You can save money reloading, if you are shooting 20,000 plus rounds a year. You have to be ready to buy in bulk when you find a deal on components. Cabela's had CCI primers for sale a couple of years ago, bought 32,000 in one shot. If you are not willing or able to drop a couple of grand when there is a sale, you will not save money by reloading.
 
If you get insanely lucky? You might find some primers for $35 - $55 per thousand right now. CCI 41s are selling for more than $100 per thousand on gunbroker this week and it's only going to get worse. People seem to forget 2013, when fixed ammunition skyrockets in price, components skyrocket in price.
 
i paid $1300 for my dillon 650. all set up with the bells and whistles. With 9mm alone, it paid for itself in 22,000 rounds. would be even less than that now with how much factory ammo is.

I am reloading 9mm for .09 each x 7,000=630
Factory ammo currently is .30 each x 7,000=2100 $1470 difference.

In todays market, it would pay for itself in less than 7,000 rounds...thats insane. thats maybe 8 months of shooting.
 
i paid $1300 for my dillon 650. all set up with the bells and whistles.

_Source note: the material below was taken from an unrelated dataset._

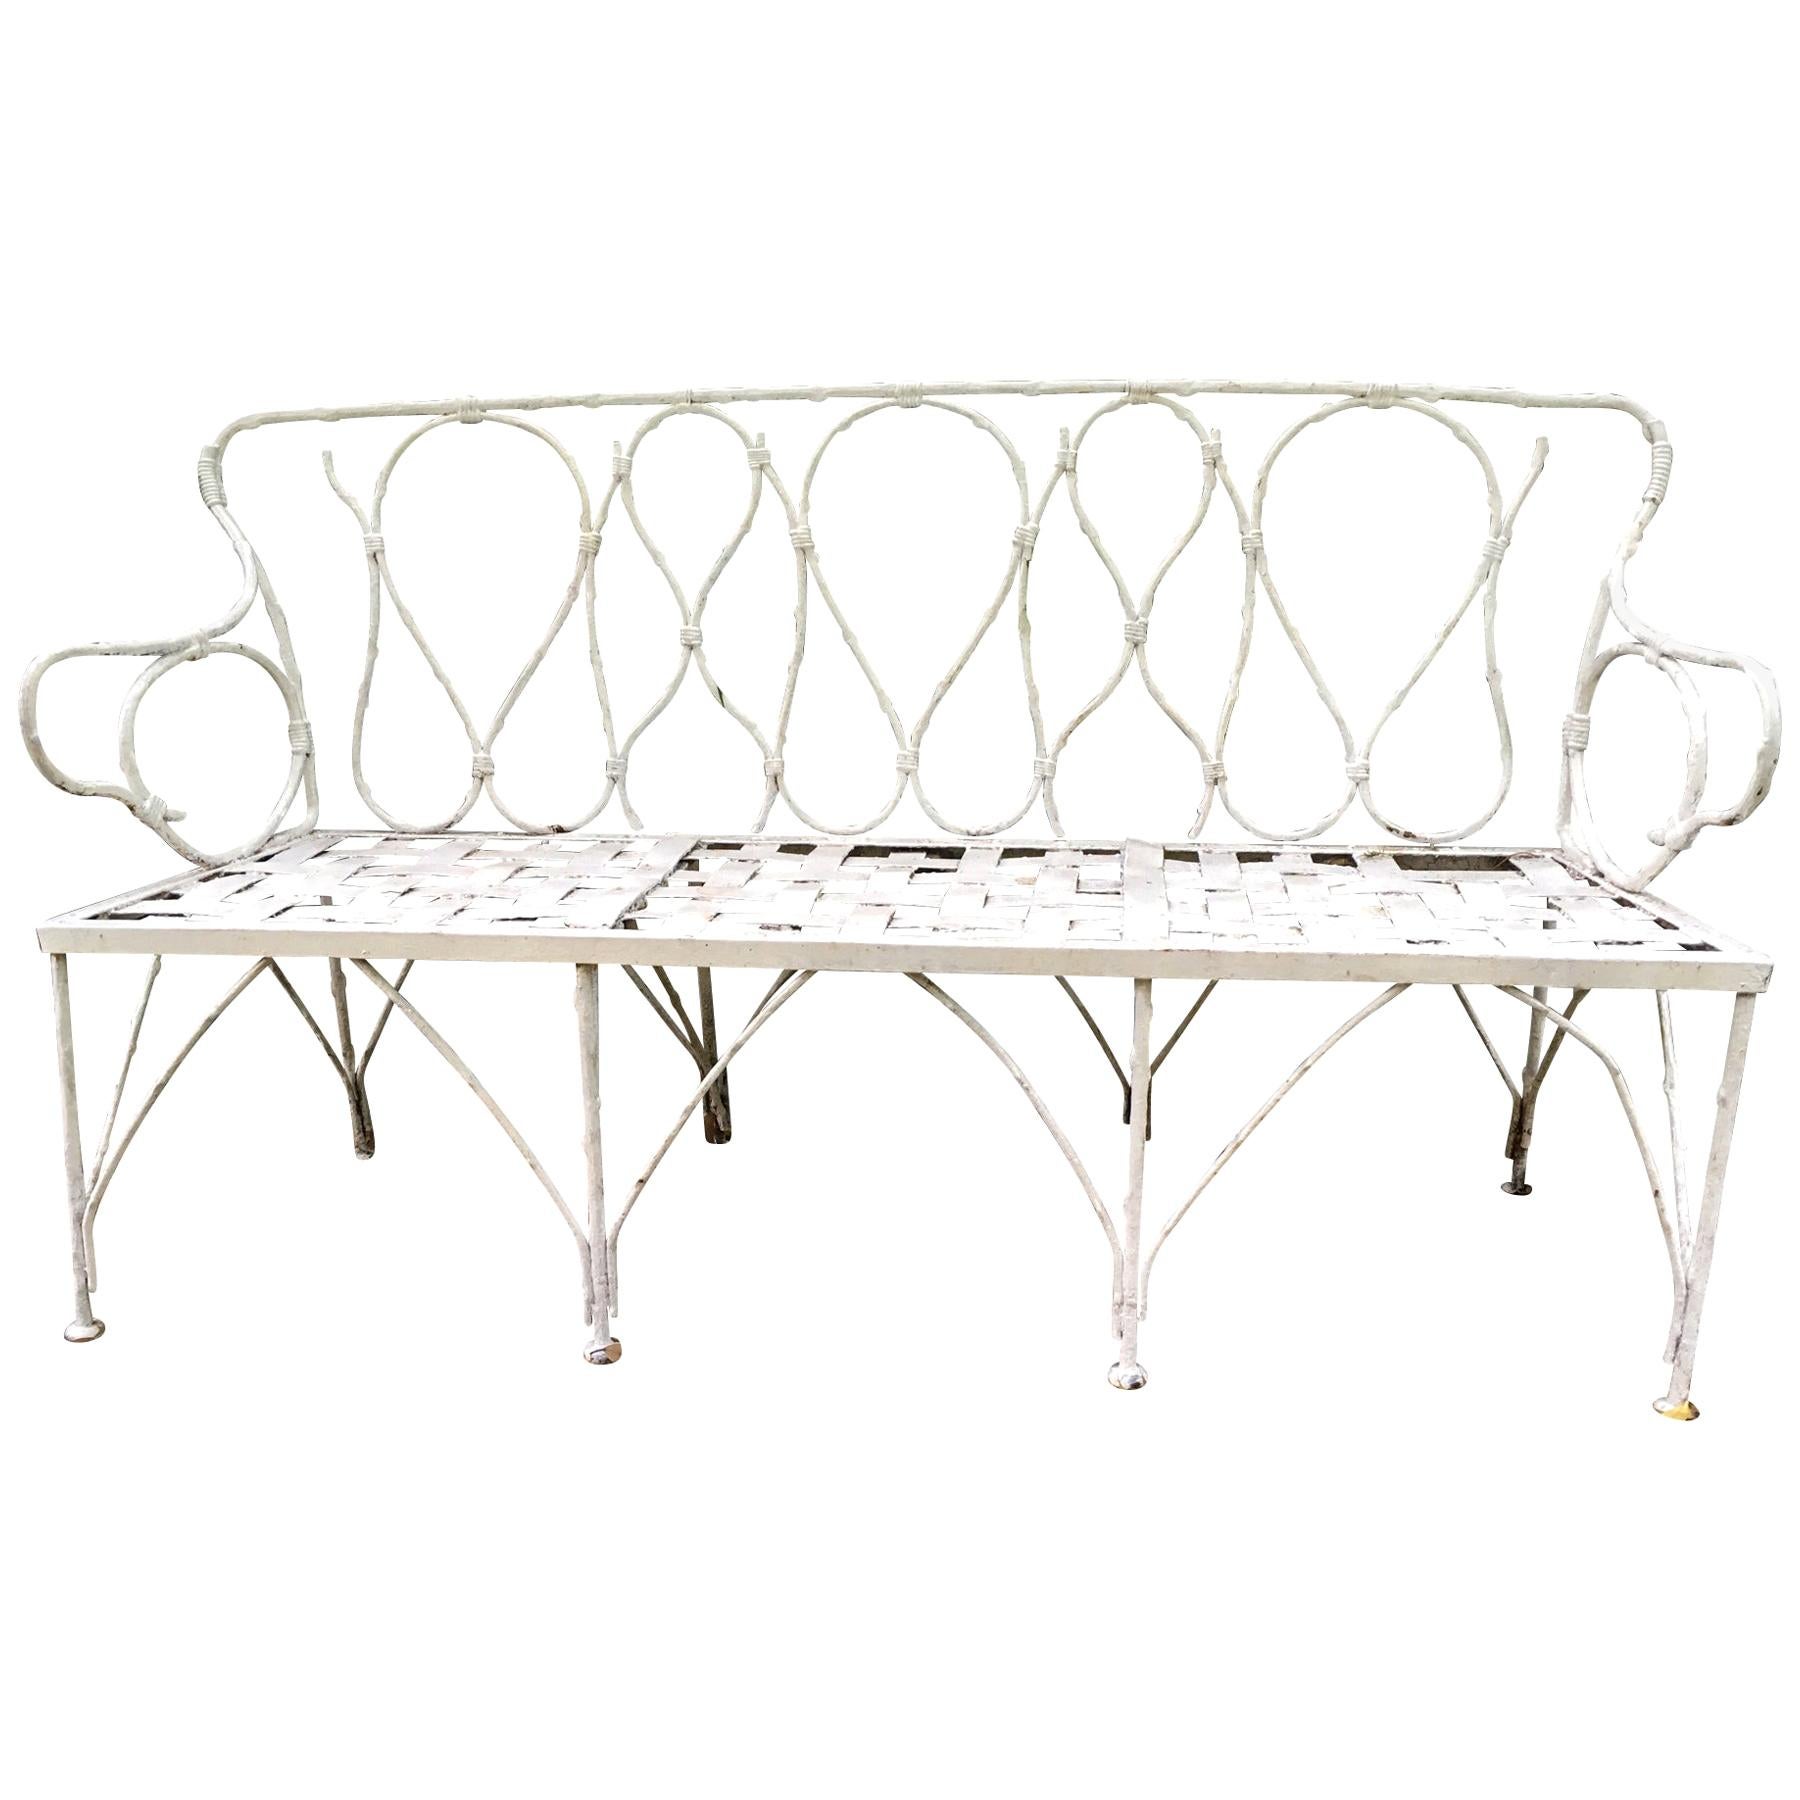 Early 1920s French Faux Bamboo Wrought Iron Garden Bench For Sale

With 9mm alone, it paid for itself in 22,000 rounds. would be even less than that now with how much factory ammo is.

I am reloading 9mm for .09 each x 7,000=630
Factory ammo currently is .30 each x 7,000=2100 $1470 difference.

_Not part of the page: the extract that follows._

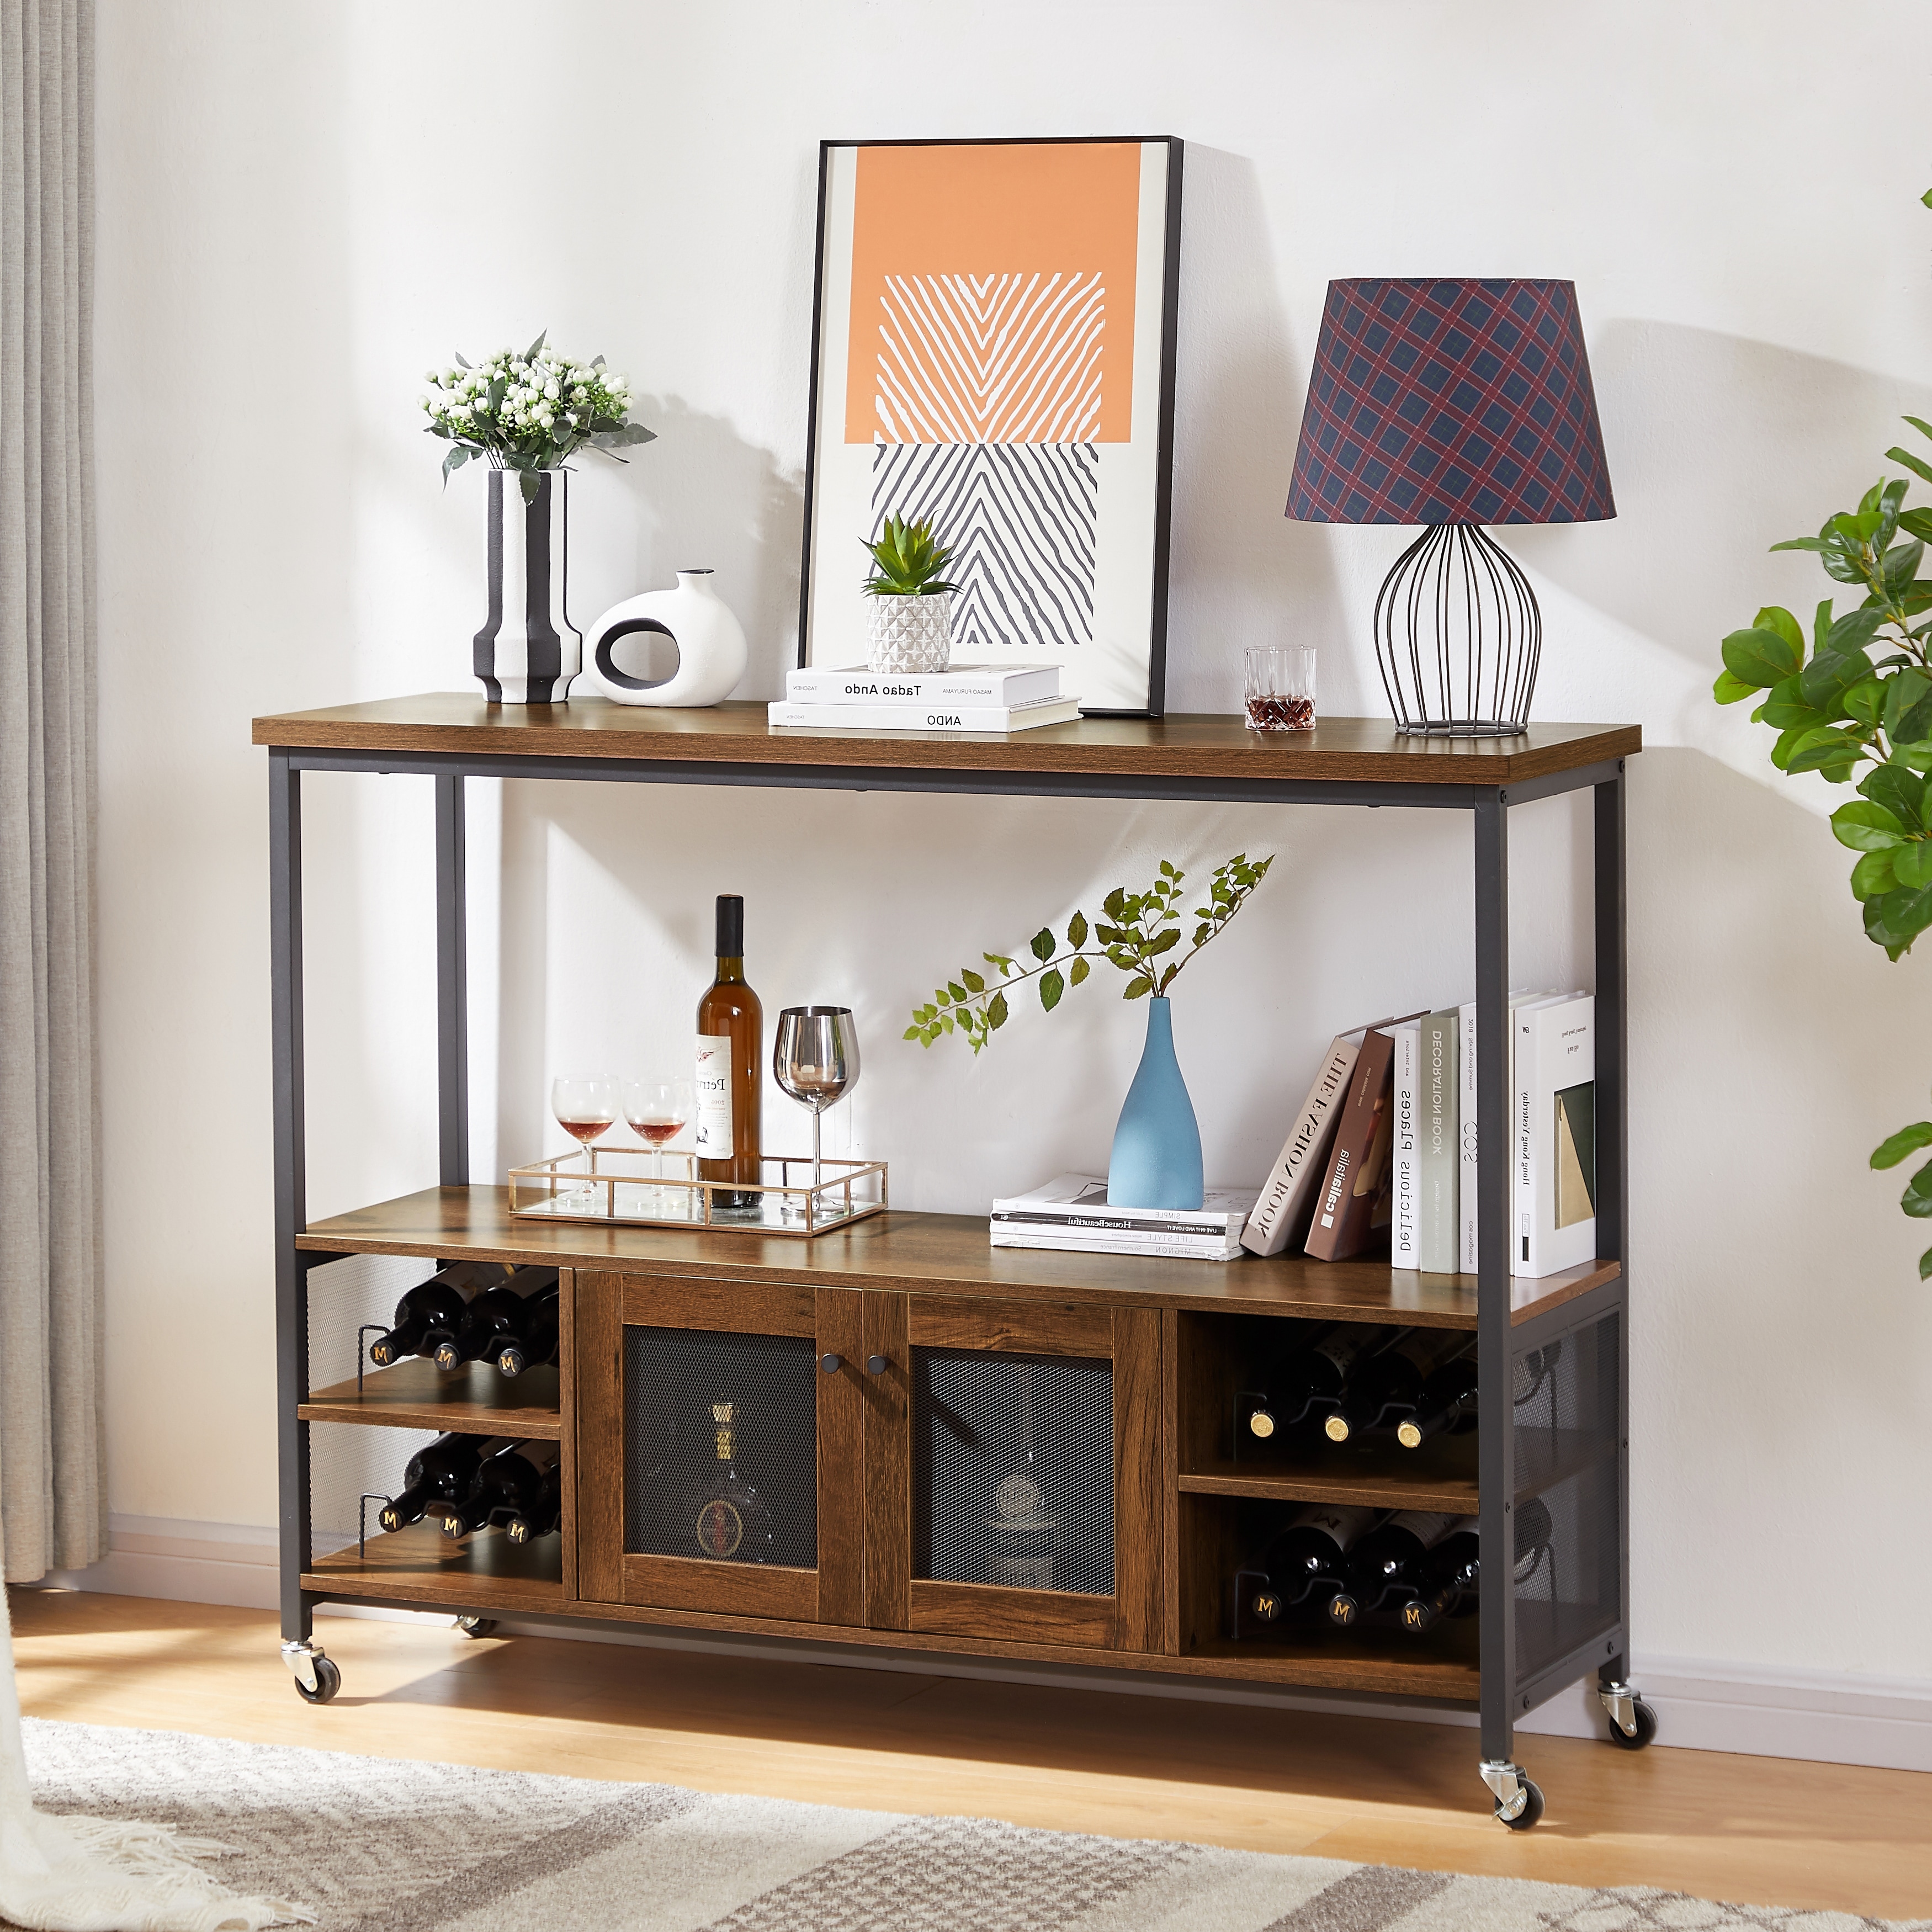 Classic Rustic Tv Stand With Metal Frame and Open Shelves  Tv Cabinet With Mesh Cabinets Double Doors and Ample Storage Compartment

In todays market, it would pay for itself in less than 7,000 rounds...thats insane. thats maybe 8 months of shooting.

IF you find components priced reasonably. I started with a rock chucker. still use it for precision rifle. I now use a dillon square deal b for pistol. you will never stop buying **** for reloading. got tired of corn cob/walnut, went stainless. built an annealing machine...it is a bottomless pit. and your friends will want you to load **** for them. I haven't bought factory ammo for 5-6 years. stock up hard when it is cheap.
 
I purchased a Dillon 550 new a couple of weeks ago. Got it the way I wanted it with everything. Purchased a lyman case trimmer, Redding dies for the socom and Dillon for everything else. Quick change caliber kits, etc..., etc... I know I have spent well north of $2k. But, I have everything I need to load thousands of rounds.
 
find someone that will show you the ropes before you buy anything. now the big problem is there is no primers/powder to be had. if you did not buy powder/primers long ago and stock them deep you are now out of luck. it is going to be that way until after the election. if the election goes to the dems then there will nothing to buy and when you find any the price will too high.

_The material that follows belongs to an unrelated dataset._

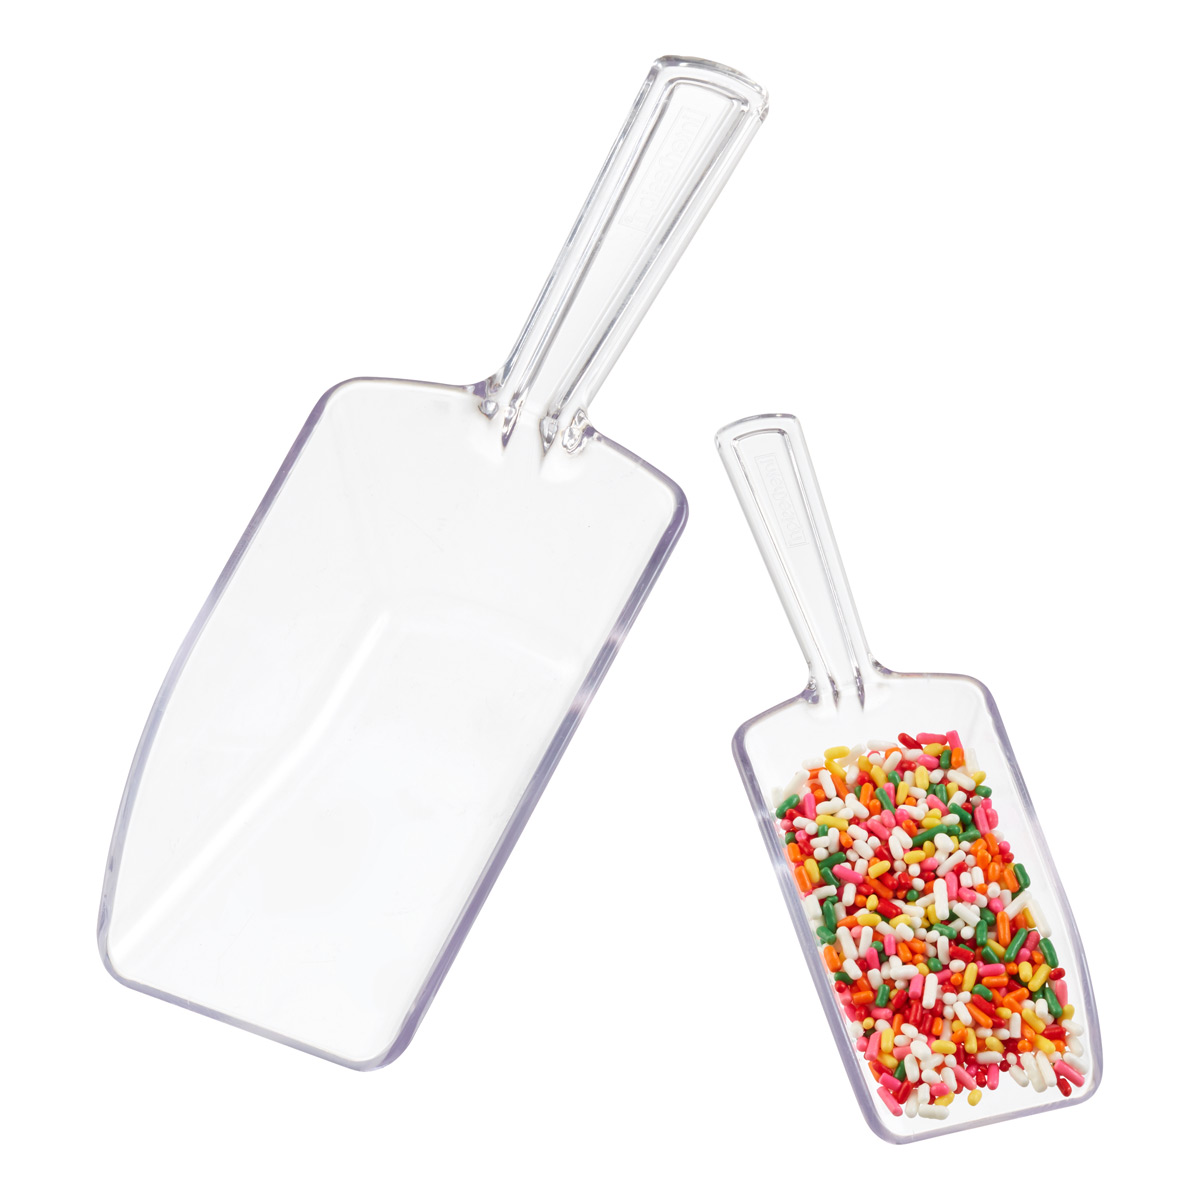 Todop Plastic Scoops Set 2 Pcs Small Measuring Spoons Clear Sweet Scoops Small Ice Scoop for Kitchen or Party

started reloading in 73 on a single stage press. still got it as a backup. over the years i have gotten many new and improved reloading items. there is all ways something better,,, some times. dillon 550 in 82 was a big improvement over the single stage press. now i use the 550 for pistol and a rcbs rock chucker for rifle. started casting bullets in 82,,, that is and other rabbit hole to go down.

lots of people want to start reloading, but if you don't shoot a lot the start up price of reloading is not worth the money when you can use that money to buy ammo. that is when ammo prices are normal.
 
Start with a single stage press and try to fully comprehend the functions and hazards in each step. RCBS, Lee, Hornady...etc all have starter kits with the manual, scale, and other basic tool sets. Learn to take off and land before you try barrel rolls or spin recovery.
I still own and use an old Lyman Spartan Single Stage.
 
i paid $1300 for my dillon 650. all set up with the bells and whistles. With 9mm alone, it paid for itself in 22,000 rounds. would be even less than that now with how much factory ammo is.

I am reloading 9mm for .09 each x 7,000=630
Factory ammo currently is .30 each x 7,000=2100 $1470 difference.

In todays market, it would pay for itself in less than 7,000 rounds...thats insane. thats maybe 8 months of shooting.
I've taken it a step further and cast my own 9mm and 45 caliber bullets. The savings start stacking up quickly now.
 
Reloading really shines towards savings when you are loading high dollar ammo for a fraction of factory prices.
460 S&W
300 WM
375 H&H
458 WM
To name a few that I load...the big bores are up to and over a $100 a box of 20.